--- Exercise description ---
Repeat the span of the entries below that starts at the line with "Pair of Italian armchairs, 1950s." and ends at the line with "Dimensions: H=76 cm;", nothing more. Skip the pictures.

--- Data for the task ---

Start of Block

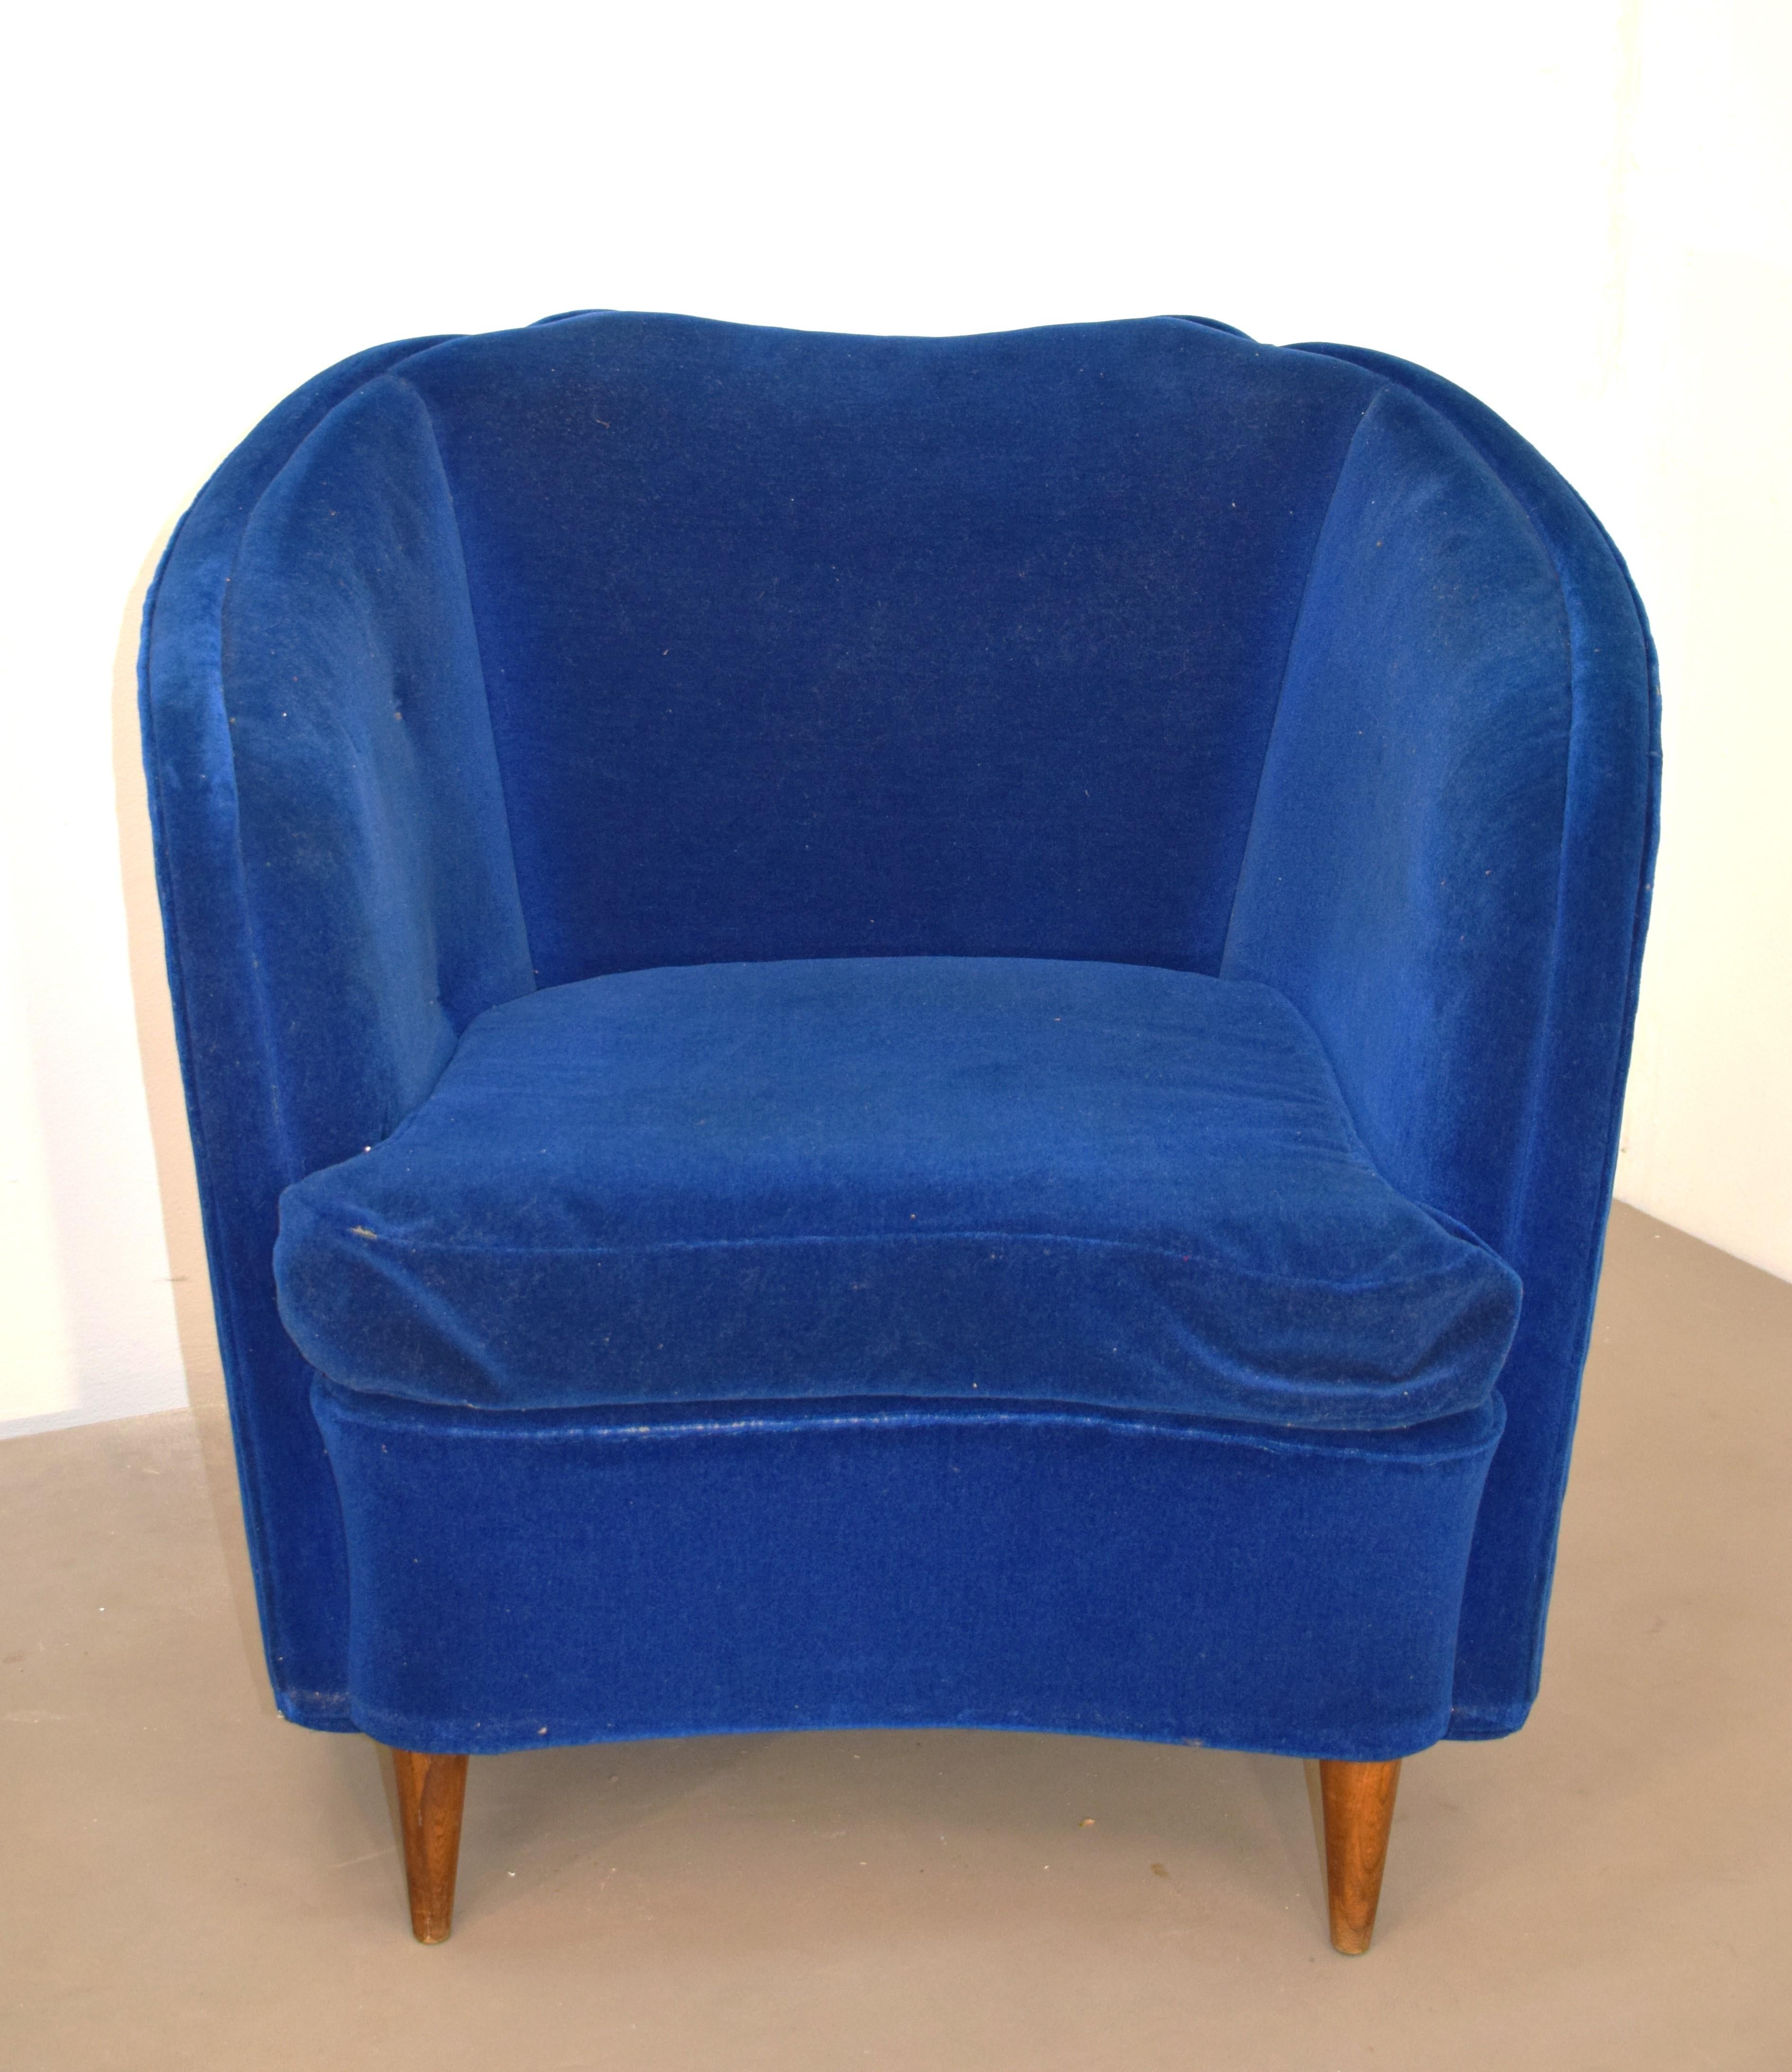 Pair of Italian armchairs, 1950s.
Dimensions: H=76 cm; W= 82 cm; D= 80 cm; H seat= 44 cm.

End of Block
Start of Block

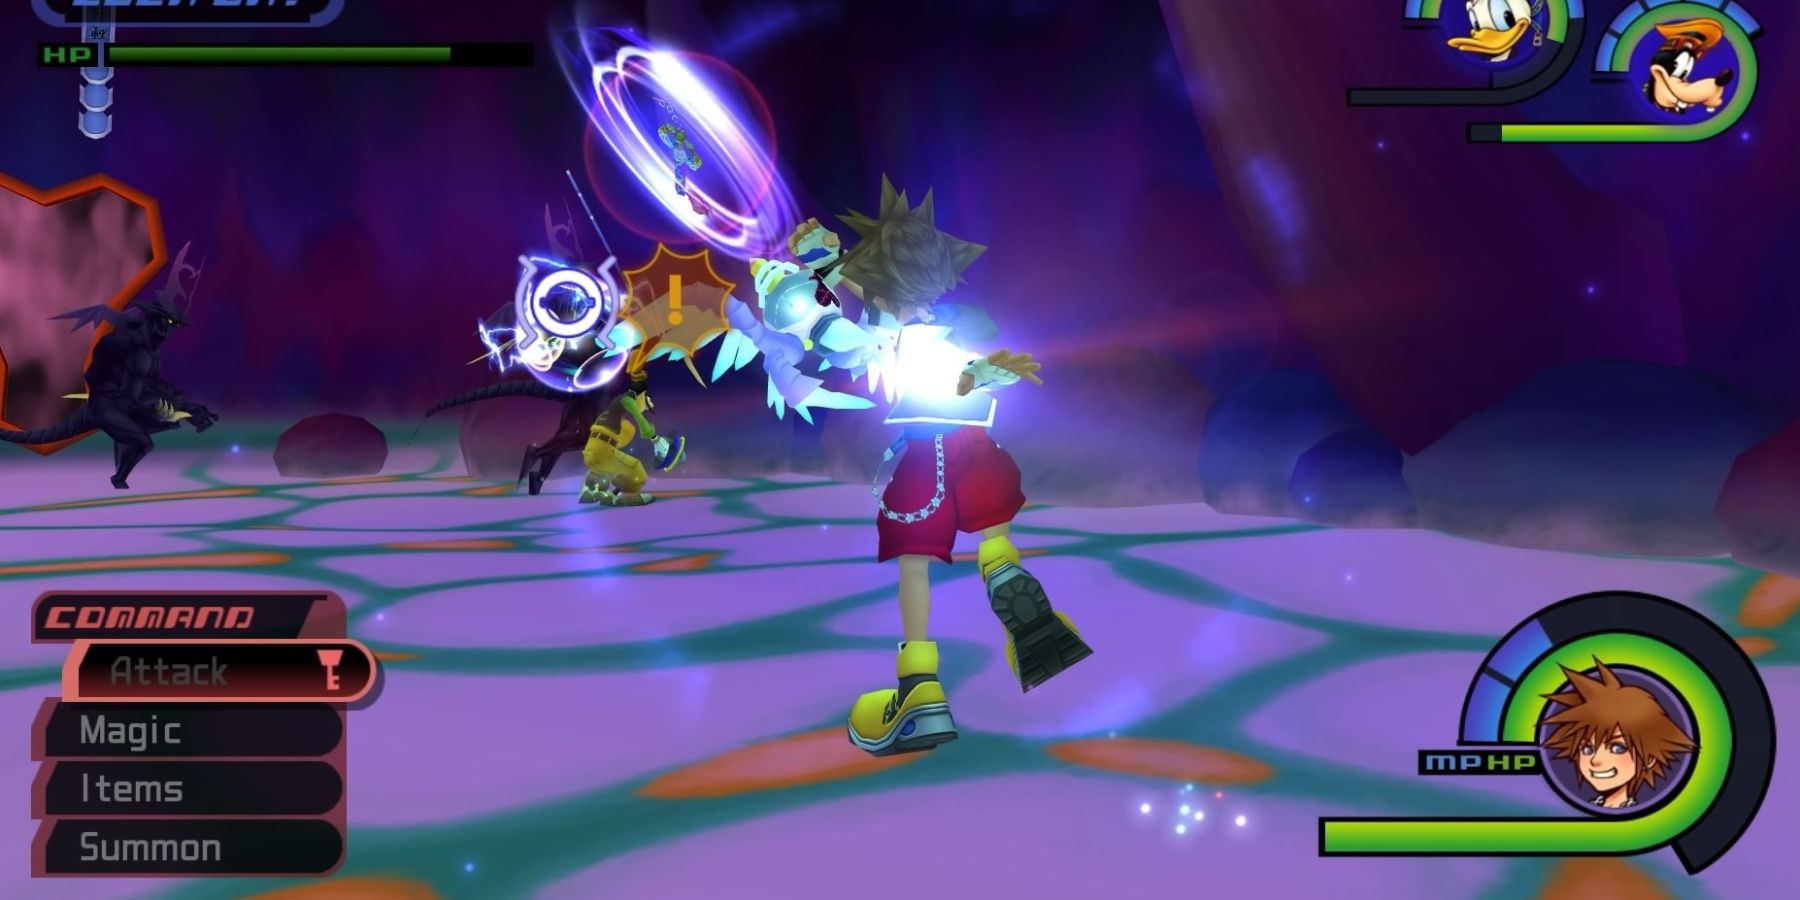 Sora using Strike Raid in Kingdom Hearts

End of Block
Start of Block

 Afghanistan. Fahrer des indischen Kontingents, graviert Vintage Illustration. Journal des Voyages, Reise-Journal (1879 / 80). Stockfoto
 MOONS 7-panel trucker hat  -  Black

End of Block

--- Answer space ---
 Pair of Italian armchairs, 1950s.
Dimensions: H=76 cm; W= 82 cm; D= 80 cm; H seat= 44 cm.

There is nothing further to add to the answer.